Strandings happen all over the world, to all manner of sea life. Whale beachings are the most recognisable form of stranding, but other marine animals – including sharks – can suffer strandings as well.

A group of researchers has cataloged stranding data from various sources to take a comprehensive look at what drives sharks onto the beach, and what – if anything – is being done to mitigate it.

The research, published in the journal Fish and Fisheries by a team of scientists from the Federal University of Parana, Brazil, found that shark strandings – which are usually fatal for the animals – primarily affected great white sharks, whale sharks, hammerhead sharks and cat sharks. Leopard sharks were the most impacted by beachings by a significant margin.

Newsweek spoke with the study's co-author, Dr Natascha Wosnick, about why California seemed to be the global centre of shark strandings.

Of the 3,150 shark stranding reports the team examined – data dating back to 1880 – they found that nearly 60 per cent of them occurred in the US.

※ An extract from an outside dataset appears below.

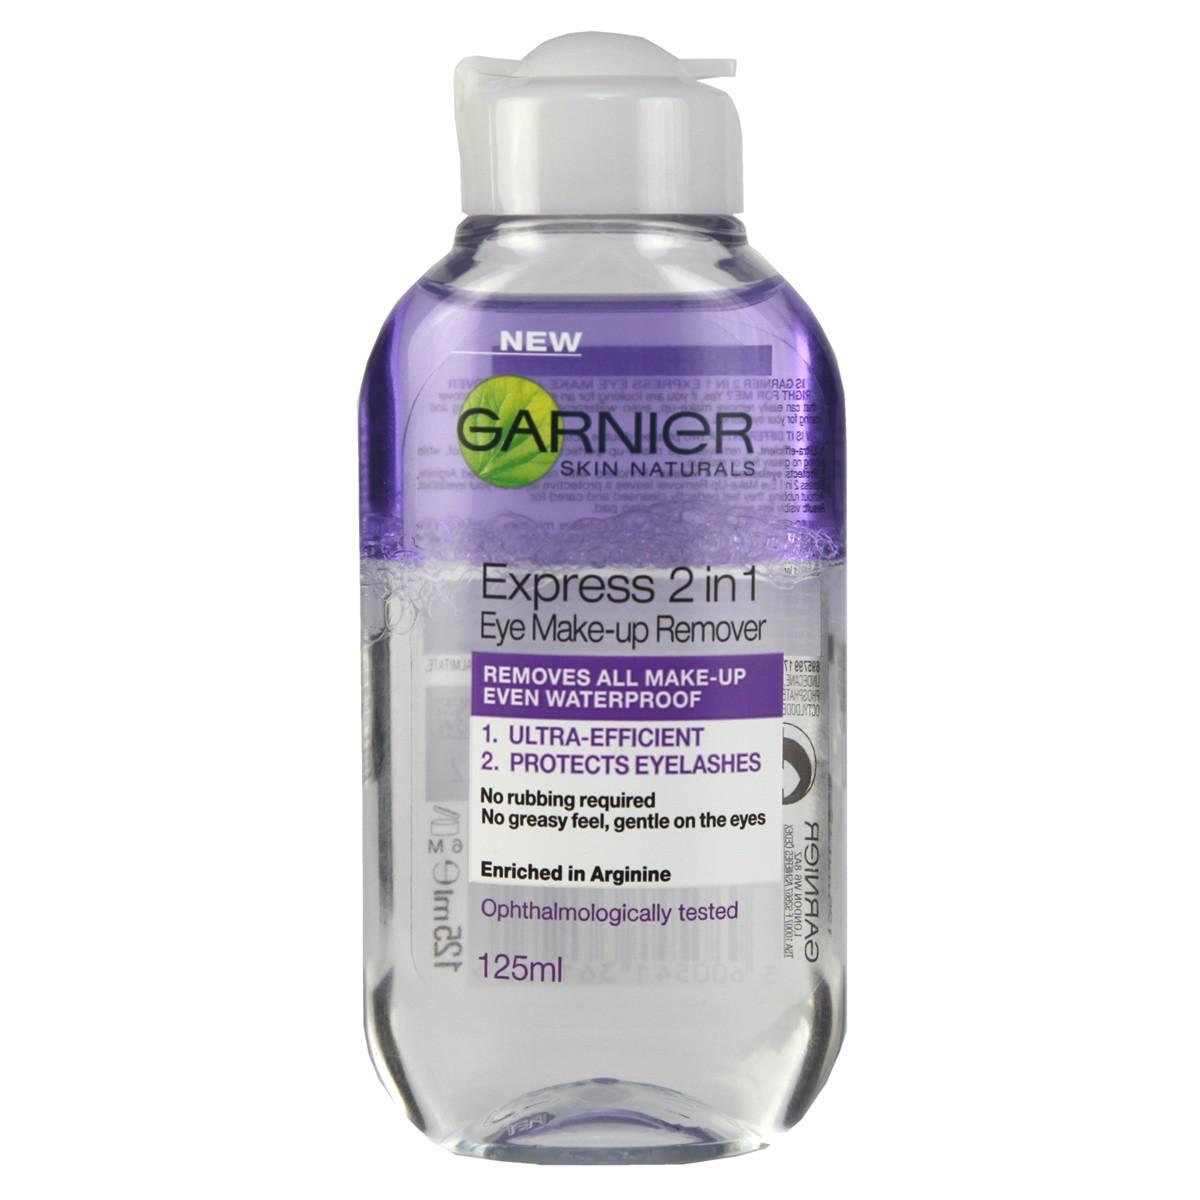 Garnier Express 2 in 1 Eye Make-up Remover 125 ml - UK ...

According to Dr Wosnick, the high number of strandings in the state are caused by a mix of disease and ocean movement off California's coast.

She explained that pathogens in California's waters can kill sharks, leaving their carcasses floating in the water until ocean movement dumps them onto the shore.

In a 2019 mass stranding event, numerous leopard sharks were killed by disease before they washed ashore.

Dr Wosnick told Newsweek that leopard sharks were the species that saw the highest number of strandings. This is likely because the sharks live closest to the shore and often form large schools.

"This could explain why most stranded individuals that are evaluated by pathologists are affected by meningoencephalitis, a disease that can spread very fast within a population," she said.

The research argues that shark strandings are actually far more numerous than current data suggests, and calls for more intense, intentional study of the incidents.

"This phenomenon has been systematically neglected resulting in significant knowledge gaps and decades of poor-quality data," she said. "As a result of such neglect, responses to shark strandings are inefficient with little chance of success in rescue and rehabilitation."

She also recommended that a network of rescue and rehabilitation programs – led by shark specialists – be created to help reduce the number of shark deaths due to stranding incidents.

Dr Wosnick said she hopes that by gathering more data now on shark strandings, future researchers will be able to better protect sharks.